- Svinica Location in Croatia
- Coordinates: 45°18′21″N 16°29′38″E﻿ / ﻿45.3057655000°N 16.4940025600°E
- Country: Croatia
- County: Sisak-Moslavina
- Municipality: Majur

Area
- • Total: 21.9 km^{2} (8.5 sq mi)

Population (2021)
- • Total: 63
- • Density: 2.9/km^{2} (7.5/sq mi)
- Time zone: UTC+1 (Central European Time)

= Svinica, Croatia =

Svinica is a village in central Croatia located about 7 km north of Hrvatska Kostajnica.

==History==

The exact date of the first settlement is unknown, but during the 15th and 16th century, documents show the existence of a fort built as a protection against the invading Turks.

After the war in Croatia (1991-1995), many residents fled the village to find refuge in safer areas.

==Geography==
The village sits along Svinica Creek that starts from the spring in the upper part of the village. On the way, downstream creek powers about dozen watermills that were used to ground crops such as corn and wheat.
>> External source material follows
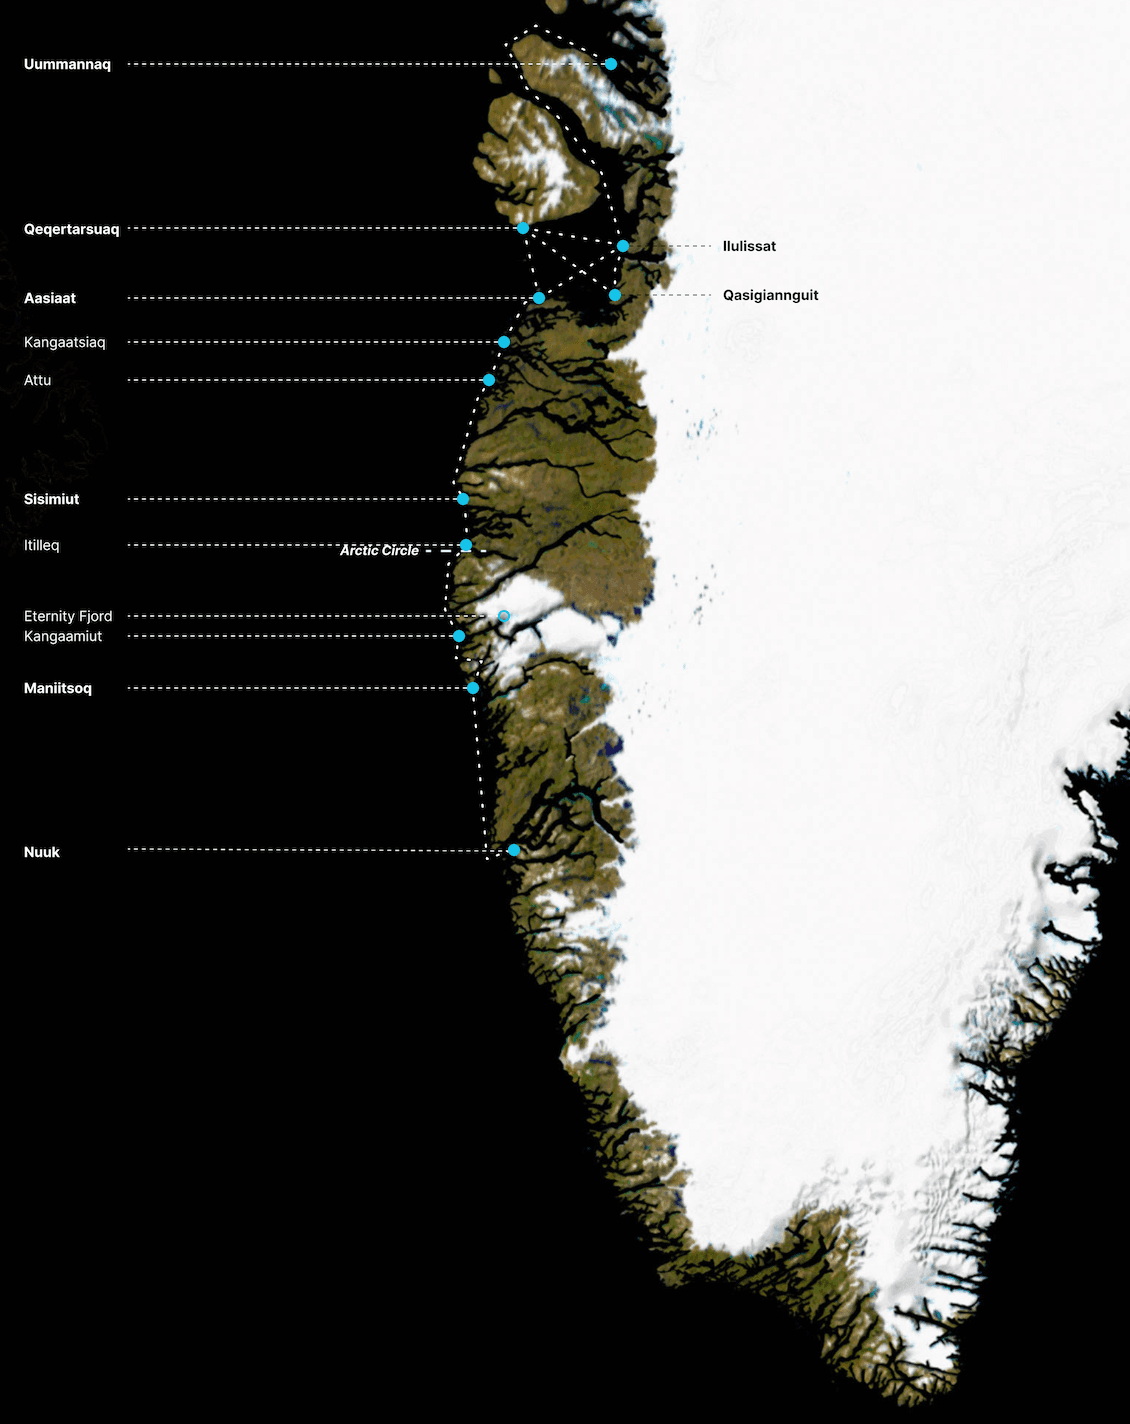 The North Greenland Voyage map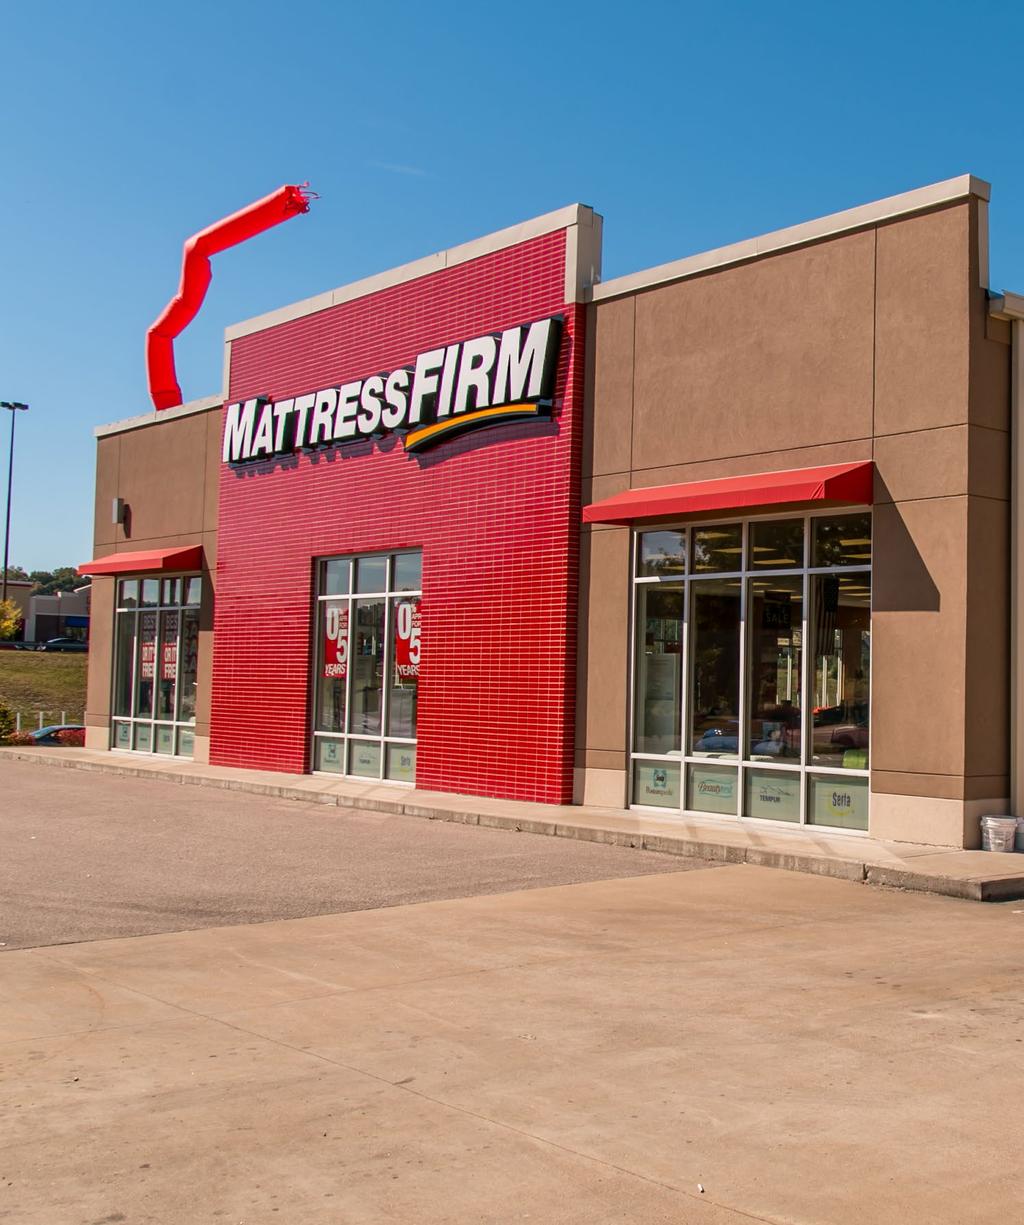 Tenant Overview - Mattress Firm With more than 3,600 company-operated and franchised stores across 49 states, Mattress Firm has the largest geographic footprint in the United States among

The village is positioned in the area next to the old Roman roads, but there is no existing proof of settlement being there during this period.

There are two Serbian Orthodox Churches in the village; Serbian Orthodox Church of St. Jovan and Serbian Orthodox Church of St. Petka.

==Economy==
The chief occupations are farming, forestry, and hunting which gives the people of village their livelihood.